Amidst the childhood memories was something new. A stack of letters. On top, the tintype of a young woman looked back at Amy.
She frowned. "Who's that?"
"My future wife." Phin's chest swelled like that of a rooster.
"You're really getting hitched?" She gave the image on the table a curt nod. "To her?" It wasn't that she was jealous. Not like that. Phin was like a brother to her. She just didn't like the thought of him moving away or another woman invading her home.
"To her," Phin said. "Johanna Bruggeman. Ain't she pretty?"
She was. Her enchanting smile dazzled Amy even in its black-and-white form.
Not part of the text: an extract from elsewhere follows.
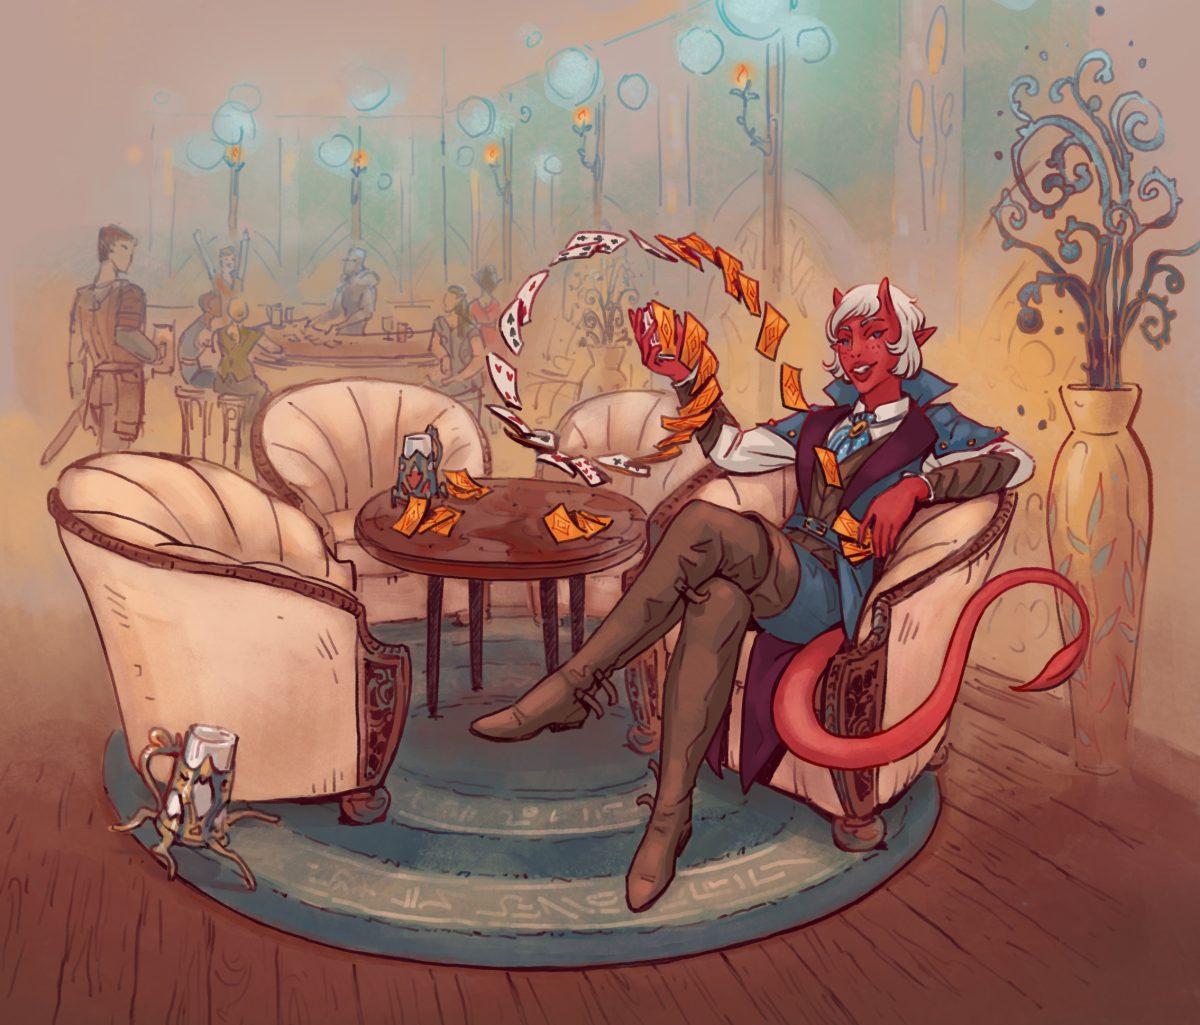 tiefling bard playing cards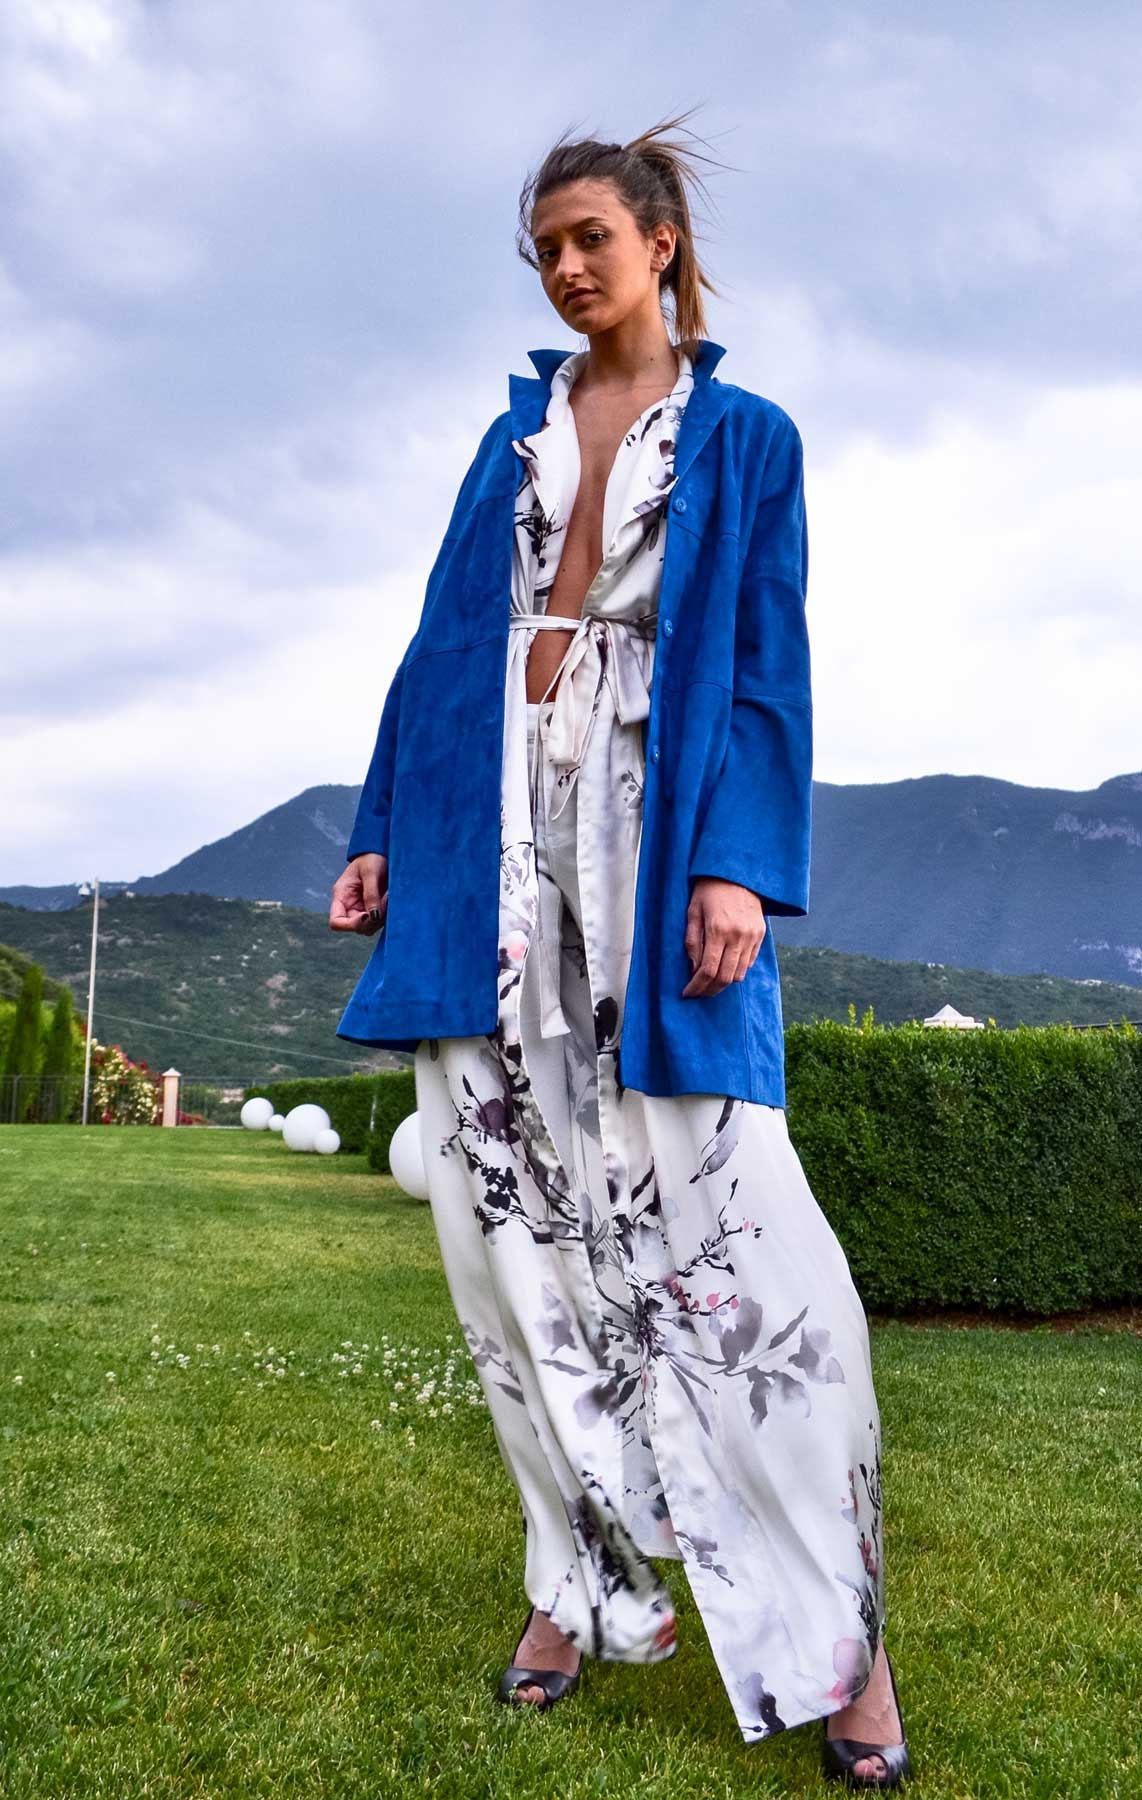 matteo-perin-women-clothing-dress-007.jpg

But pretty or not, would she fit in at the ranch? Amy looked around the small cabin. "Papa says the cabin isn't fit for a woman to live in. Not that I think so, but she looks like the kind who'd agree. Didn't you ever wonder why none of the ranch hands has a wife?"
"They're too ugly?"
They broke out in laughter, but it didn't last long.
Amy pressed her fingertips to the table's familiar contours. "You're leaving, aren't you?"
"I can't be a foreman forever," Phin said. "I like working for the Hamilton outfit, but I want to have my own place someday. Your father promised to set me up with a few acres of land and some horses."
It was true, and Phin had earned it, but she still bit her lip at the thought of him leaving. Papa would hire a new foreman, and for Amy, the struggle to be accepted and not sent away to the kitchen would begin anew.
"Hey," Phin said. "Why the long face? I'll still be your friend. Seeing how Johanna doesn't know a soul 'round here, she's going to need a maid-of-honor for the wedding. Would you do us the honor?"
Amy slapped her hips. "What's with you and everybody else wanting to see me six inches deep in petticoats?"
Phin eyed her as he would a stubborn filly. "Maybe you should think about getting married too."
Not that topic again. It was why Amy hadn't been in town for weeks. The whispers and glances made her feel like the only unmarried twenty-year-old on the face of earth. "Where did you meet her?" she asked instead of answering. "She new in town?"
Shaving soap dripped onto Phin's shirt, and he wiped it away. Then he found a few more spatters that needed his attention.
"Phin?"
"I haven't exactly met her yet."
"What do you mean?" She eyed him suspiciously.
Phin drew in air as if he were about to face a lynch mob. "I put an advert in three fancy eastern papers, and I got an answer from a young lady in Boston."
"You advertised for a wife?" Amy had heard of that but never understood it. What kind of self-respecting woman would sell herself to a complete stranger? "You're kidding."
His gaze veered away from hers. "I knew you'd think it tomfoolery, but you gotta understand. There's nary an unwed woman in town and none who'd have me, so..."
"There are a few
."
Phin snorted. "Yeah, the likes of Ella Williams and Fanny Henderson. No, thanks."
"So you thought you'd just order yourself a woman from the catalog, like you'd order a new saddle?"
"What's a feller to do if he's aimin' to marry? Since you won't have me."
His grin was contagious. Amy could never stay angry with her friend for long. "So... Johanna Bruggeman." She risked another quick glance at the picture of the smiling woman. "Is that a German name?"